Thermometers of unsurpassed accuracy and range have been developed using thermocouples. Used primarily in industry, these thermometers have a range from a few degrees above absolute zero to several thousand degrees Fahrenheit. Beginning in the early twentieth century, scientists began to imagine a new use for thermocouples. If a small amount of heat created a small electric current, they thought, then more heat could generate a more powerful current, possibly powerful enough to run machinery. For several years scientists in Europe, the former Soviet Union, and the United States worked to find the best combination of alloys to maximize the output of thermocouples. They developed such devices as an emergency radio that ran on the heat from a kerosene lamp. After World War II, the beginning of the atomic age, physicists experimented with thermocouples that ran on the heat from decaying isotopes. These nuclear thermocouples are used to power satellites and deep space probes, devices that must run unattended for many years. Such devices have become controversial, as with the 1997 launch of the Cassini mission to Saturn, because of the small but nonzero chance of a launch accident of a craft that is carrying radioactive material.

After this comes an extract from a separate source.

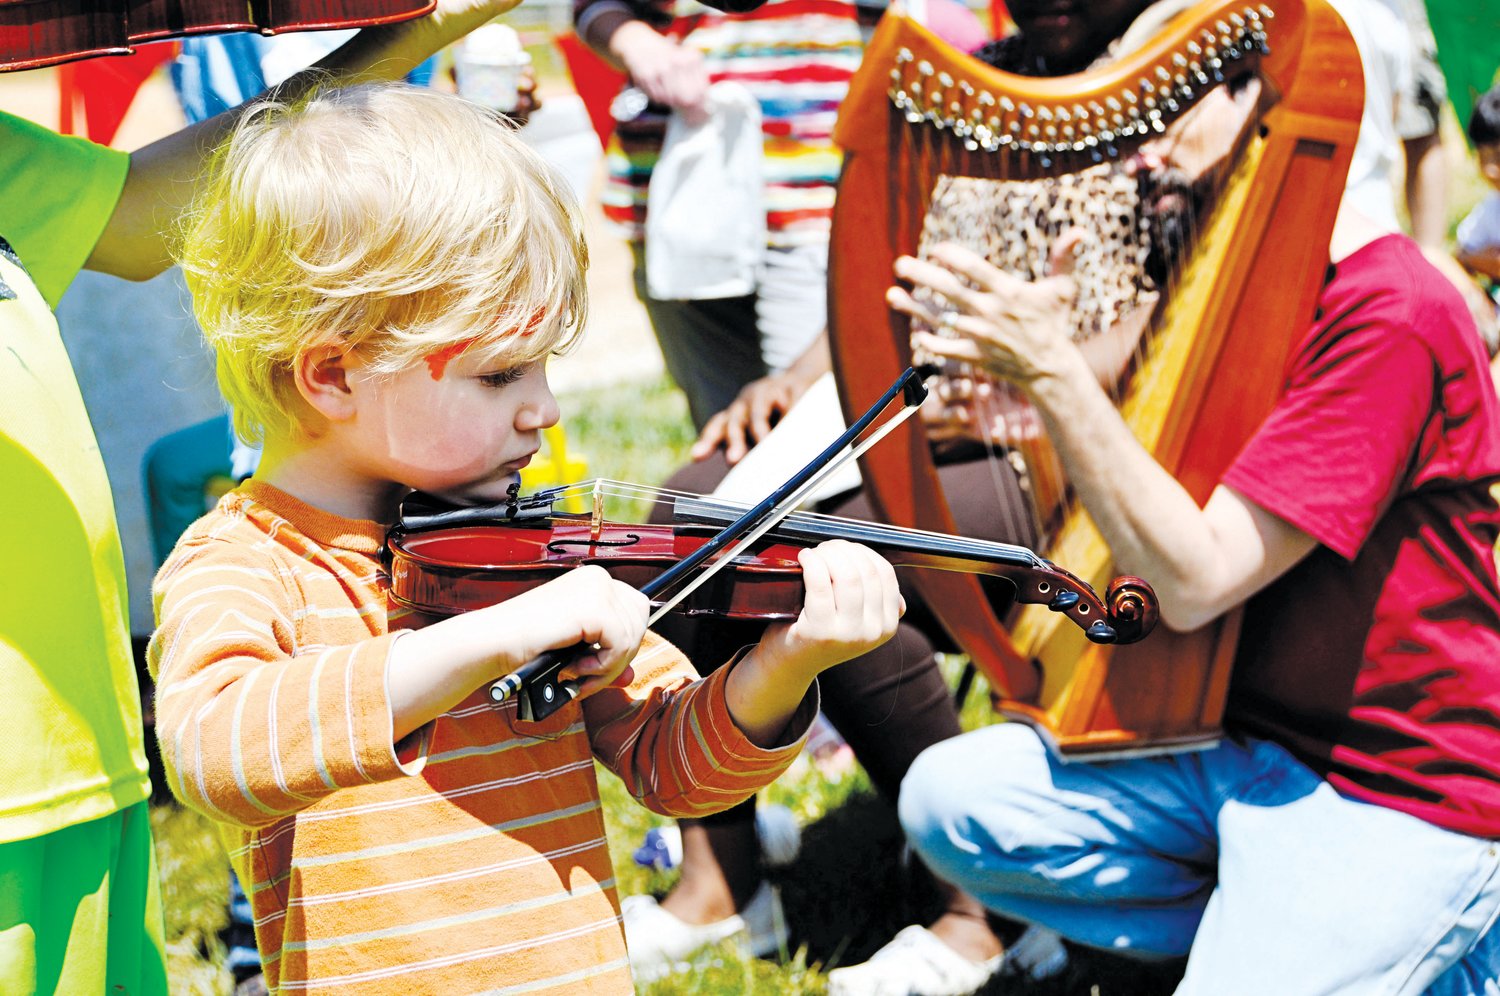 A child tries out a stringed instrument at ClydeFEST's High Strung Instrument Petting Zoo. Named after Bynum folk art legend Clyde Jones, the Chatham Arts Council’s ClydeFEST is a family-friendly day of hands-on arts immersion for children of all ages.
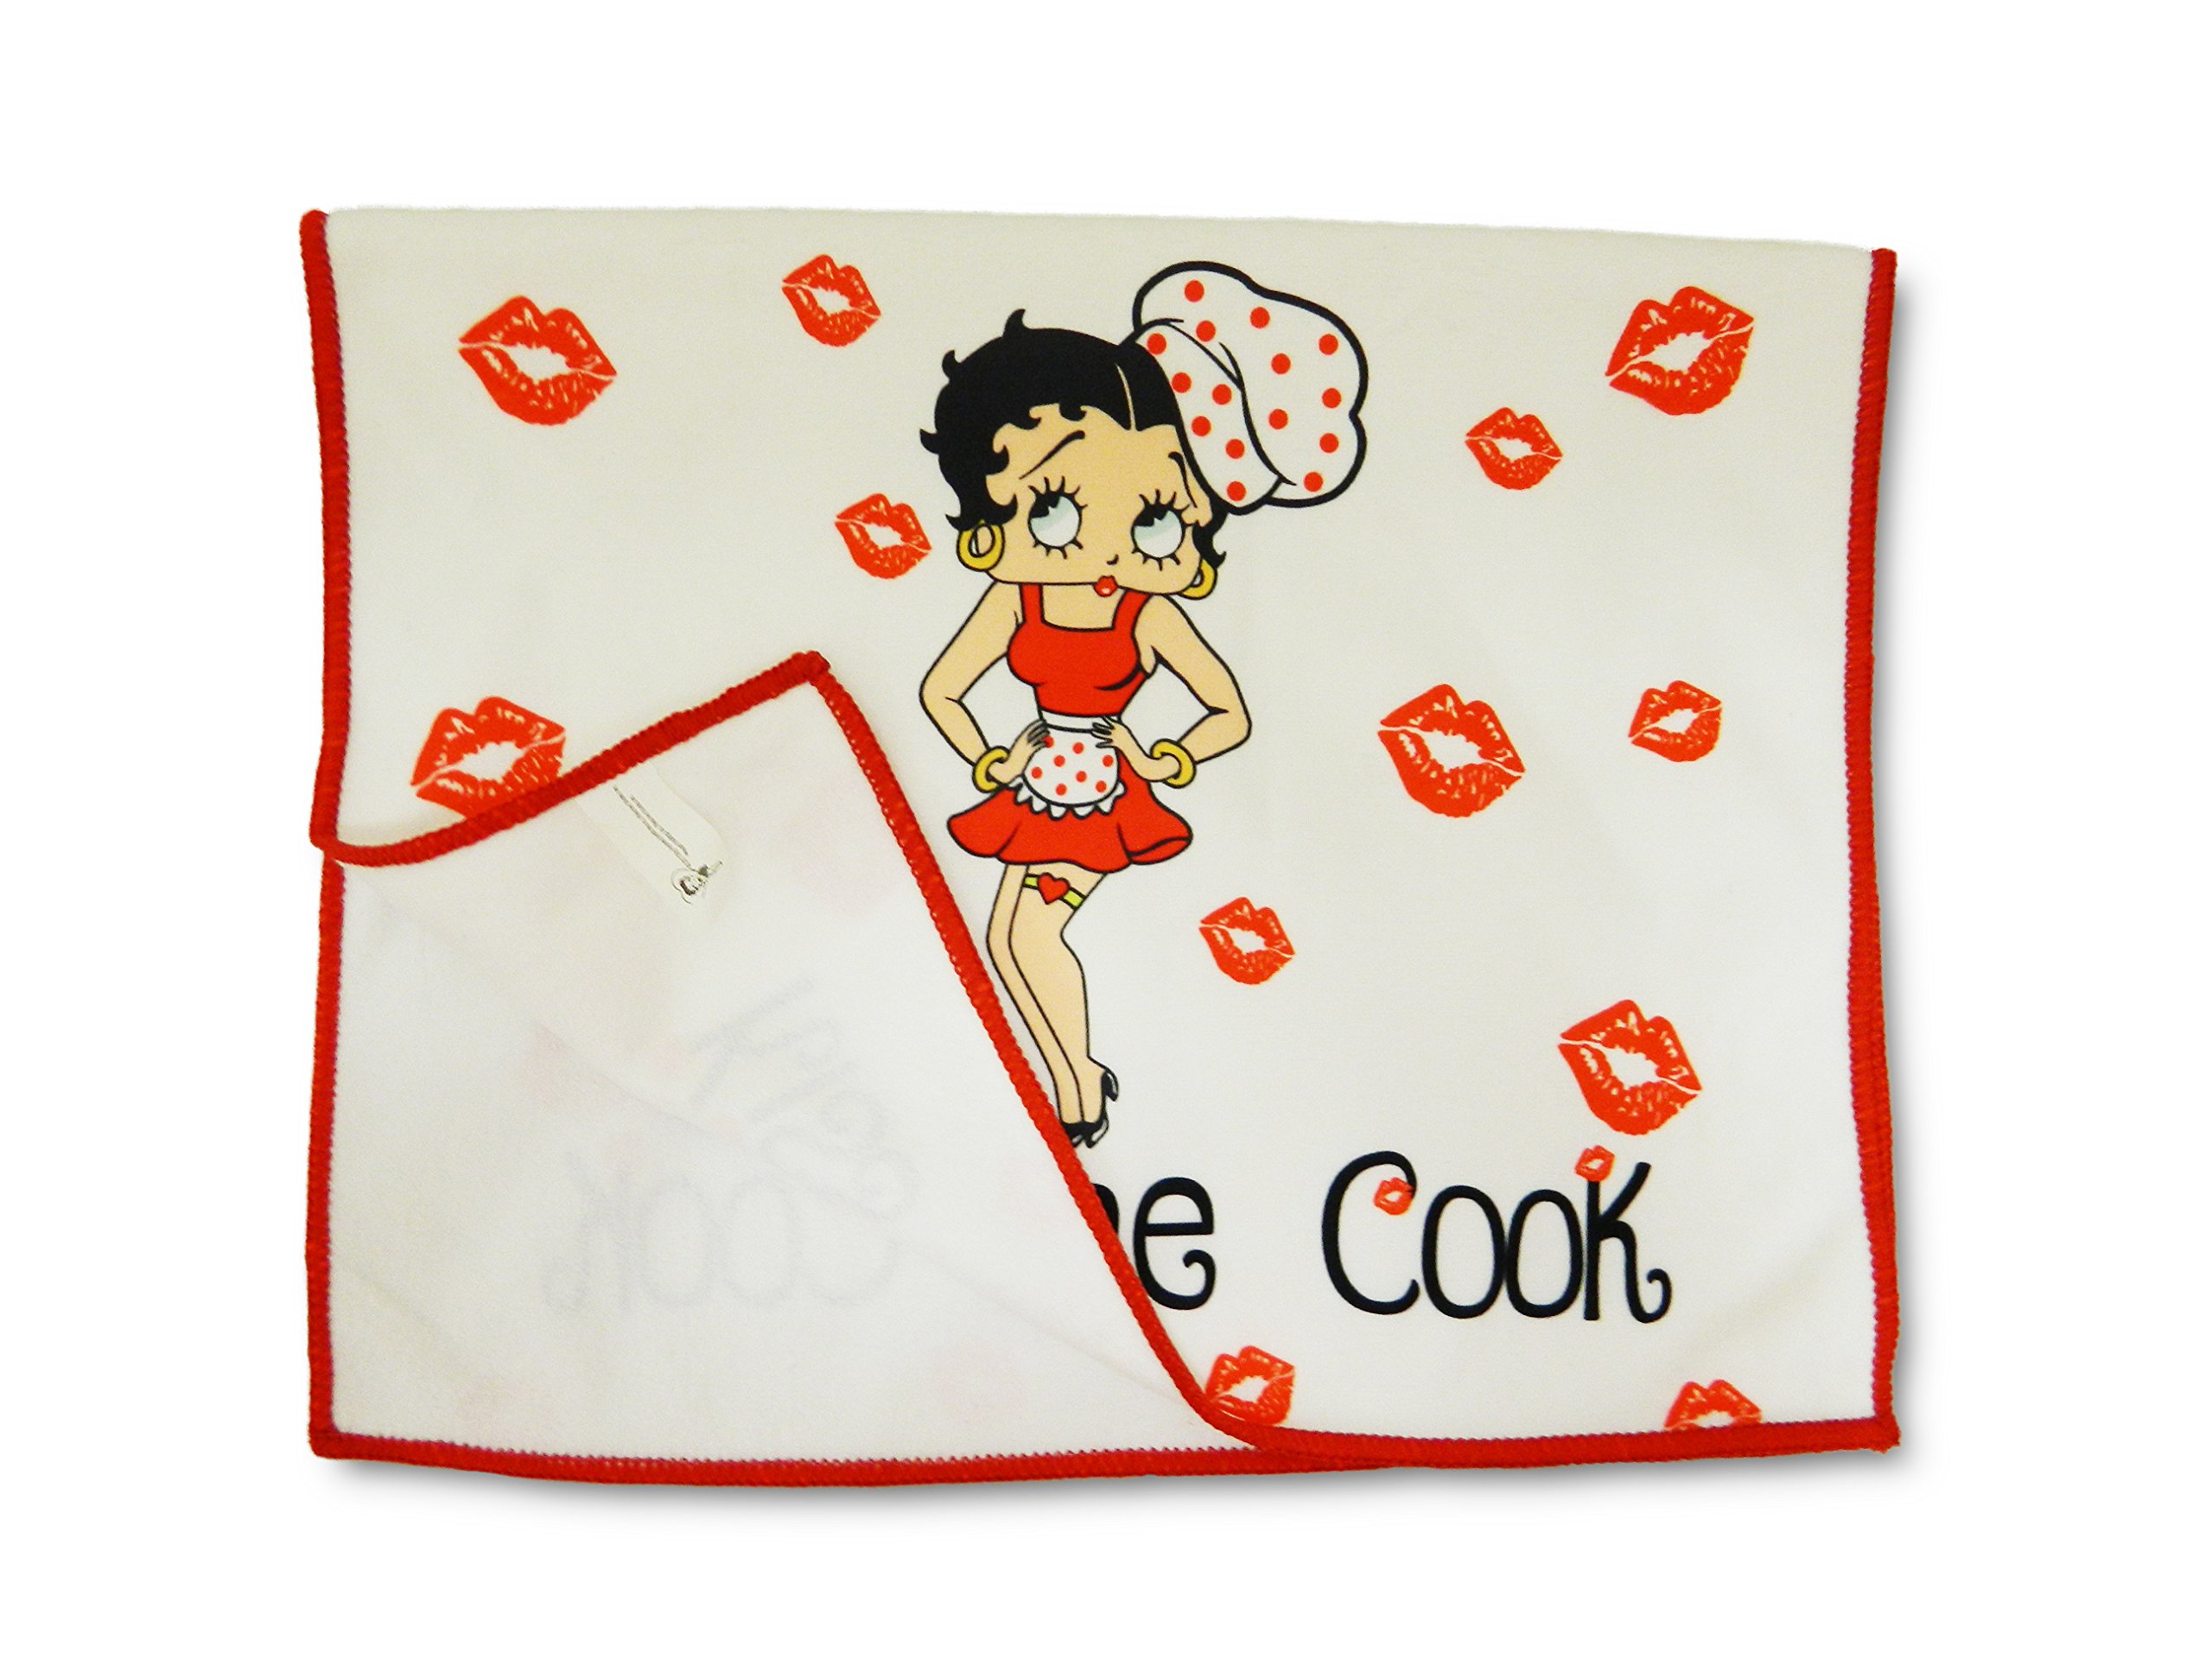 Midsouth Products Betty Boop Kitchen Towel - Kiss The Cook

There is another thermoelectric effect, called the Peltier effect, that has found some usefulness in recent years. Essentially the opposite of the Seebeck effect, the Peltier effect (named after French physicist Jean-Charles-Athanase Peltier) shows that when a current is sent through a thermocouple in a certain direction the thermocouple will heat up, and it will cool off when the current is sent in the other direction. The primary application of the Peltier effect is as a refrigerant, since a sizable current can cool a thermocouple to a temperature low enough to liquify nitrogen and helium.